• Supplied material
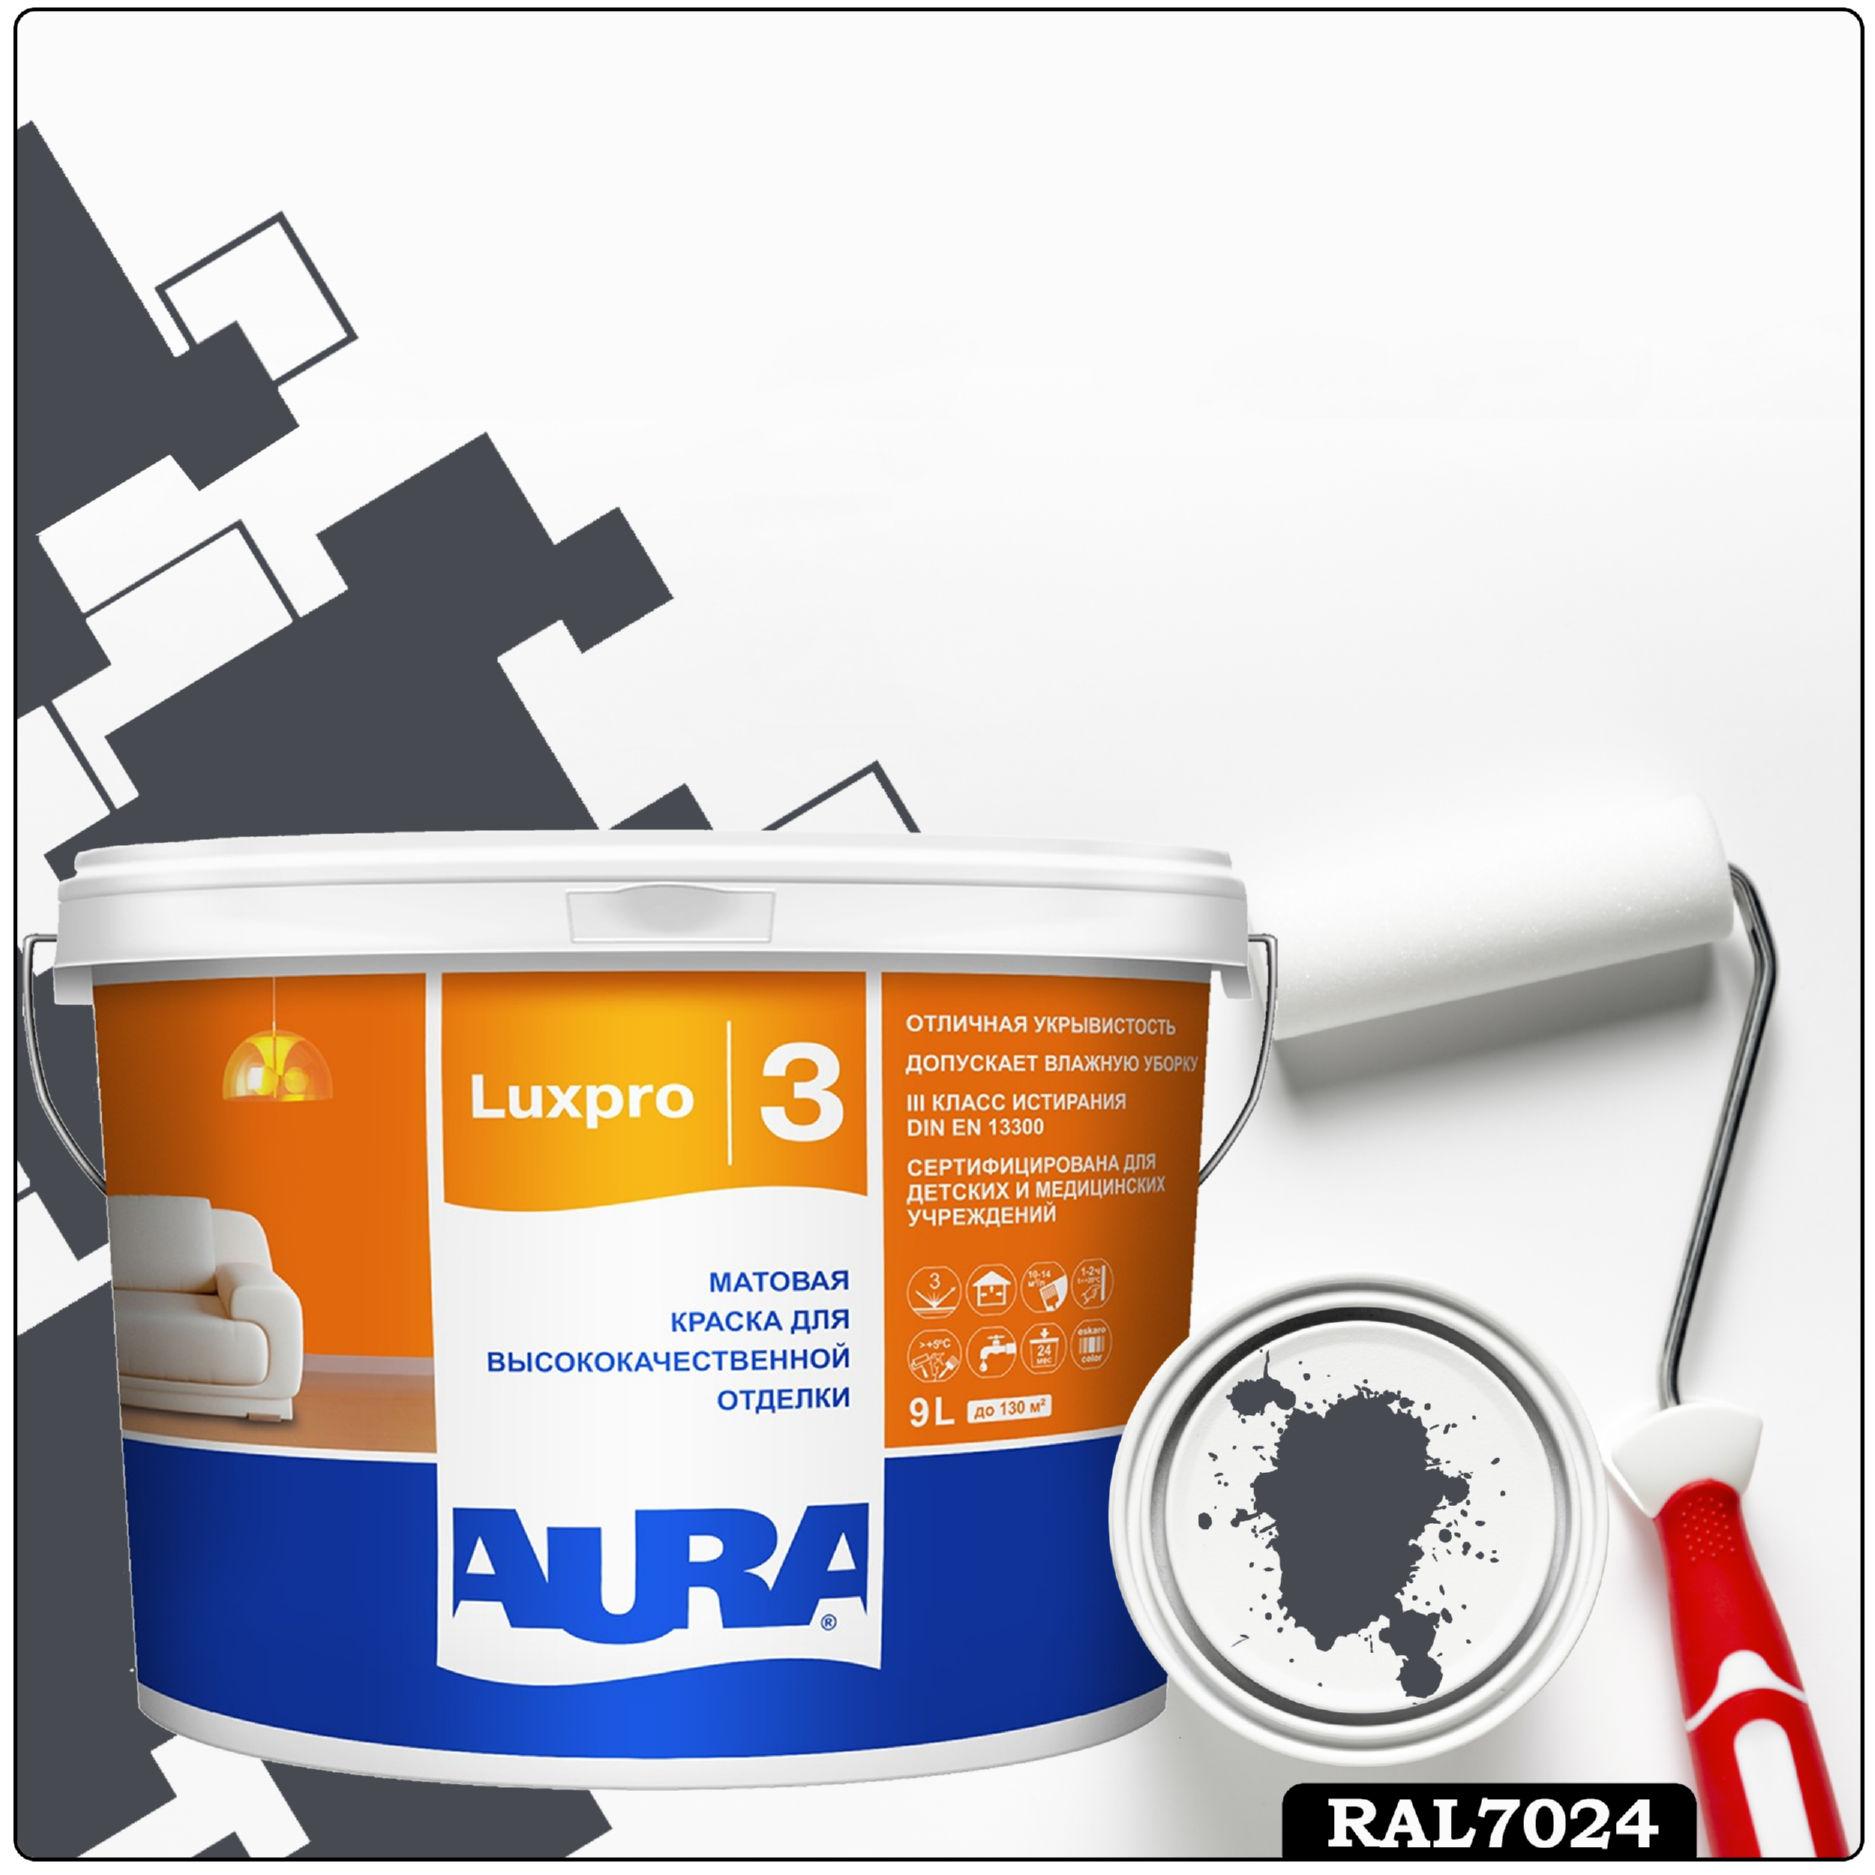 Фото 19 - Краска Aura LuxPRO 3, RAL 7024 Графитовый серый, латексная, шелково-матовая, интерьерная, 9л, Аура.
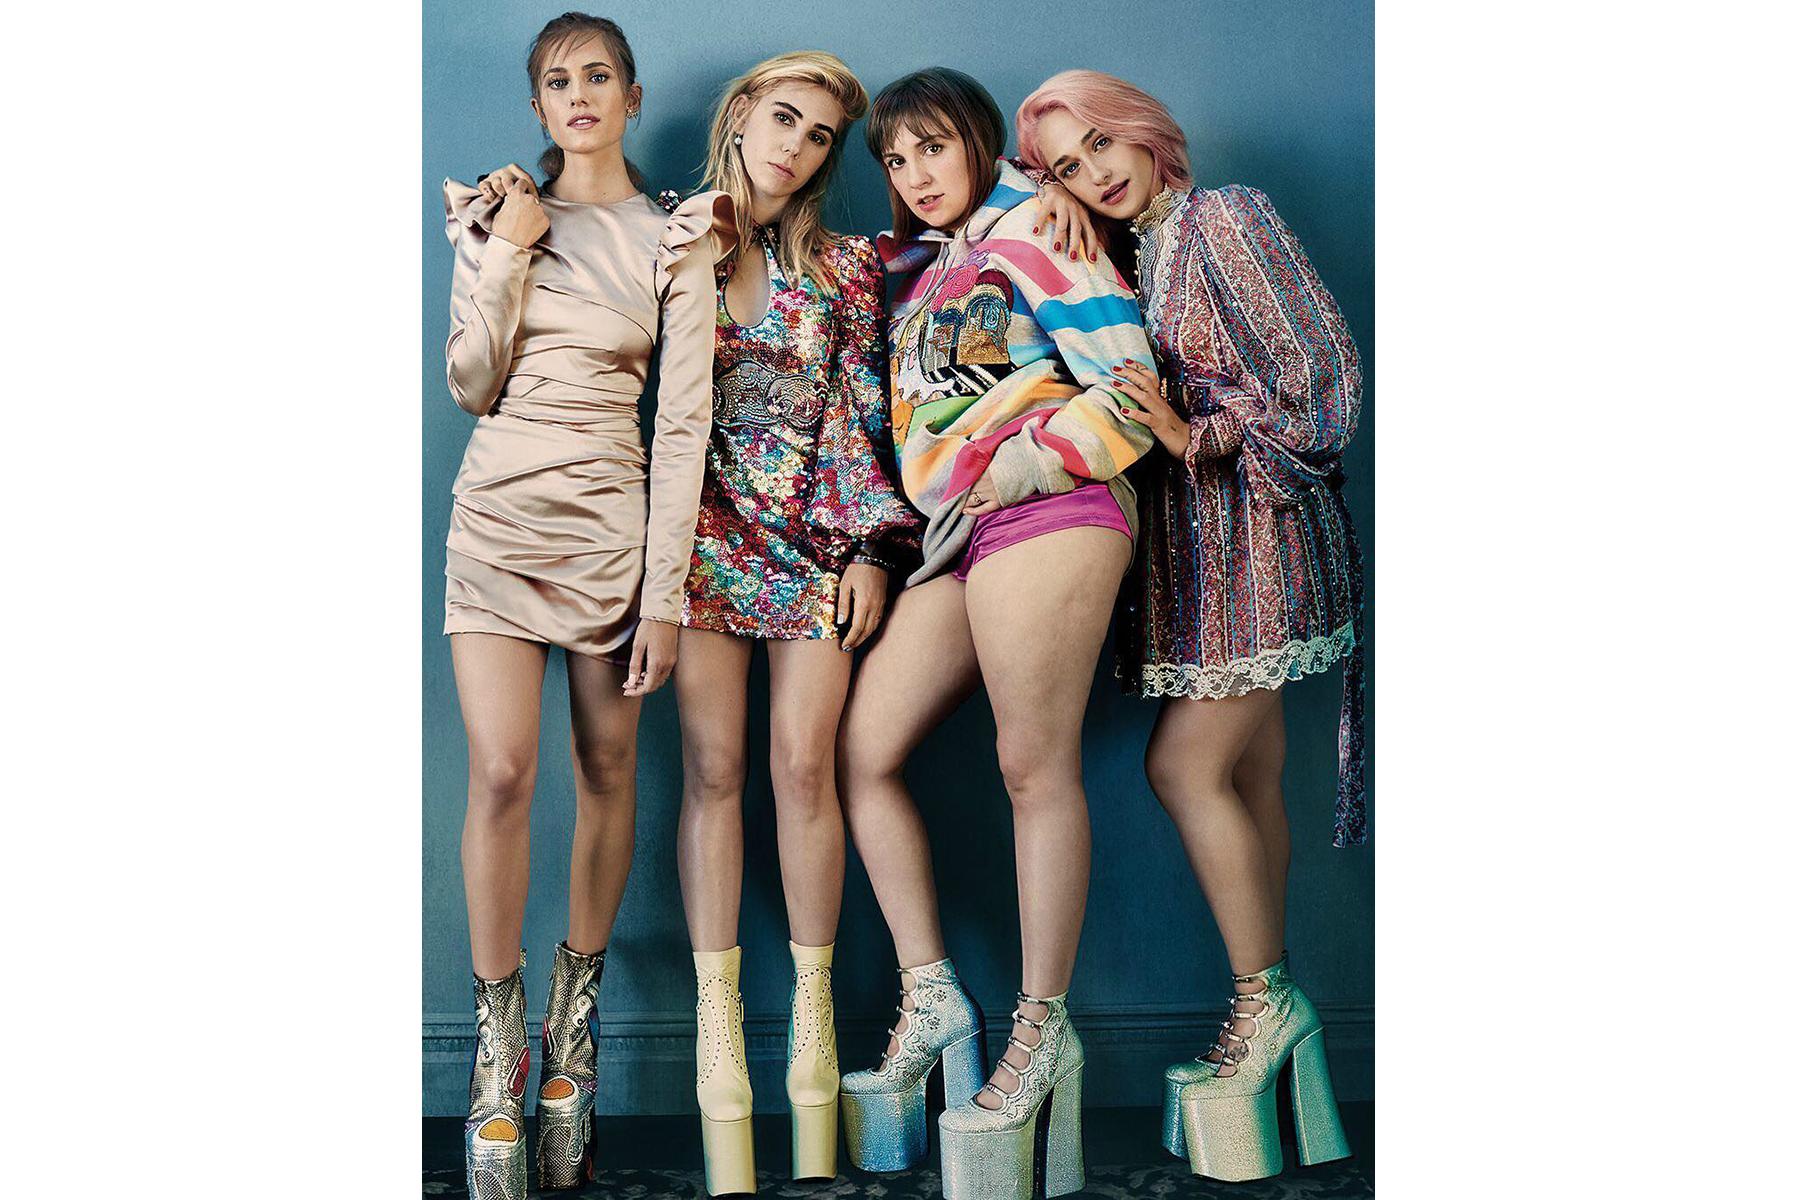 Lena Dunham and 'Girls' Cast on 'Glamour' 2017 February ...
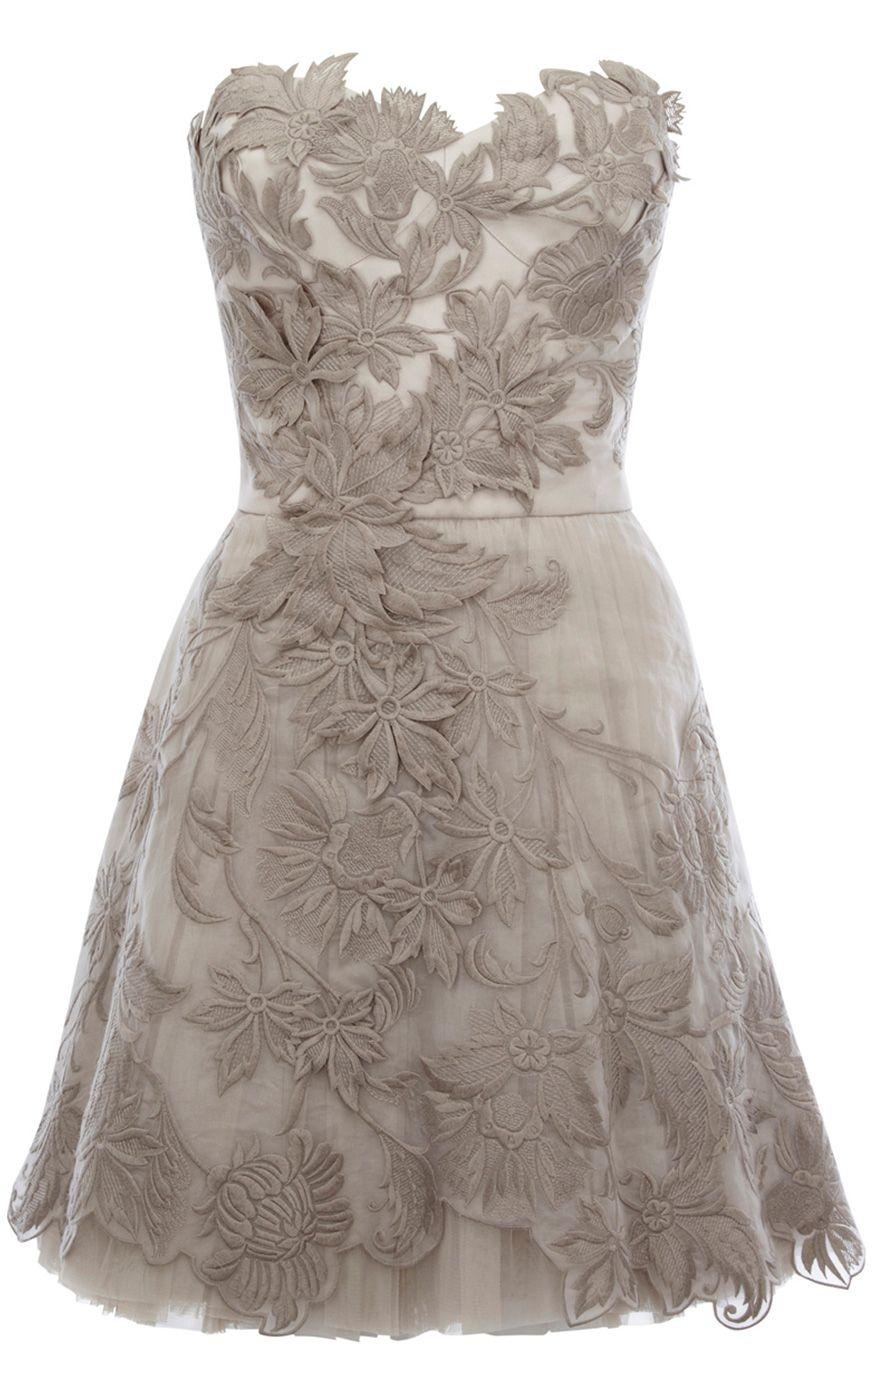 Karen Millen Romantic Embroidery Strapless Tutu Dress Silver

• Try it
Repeat each line above exactly. The pictures stay out.

• Answer area
 Фото 19 - Краска Aura LuxPRO 3, RAL 7024 Графитовый серый, латексная, шелково-матовая, интерьерная, 9л, Аура.
 Lena Dunham and 'Girls' Cast on 'Glamour' 2017 February ...
 Karen Millen Romantic Embroidery Strapless Tutu Dress Silver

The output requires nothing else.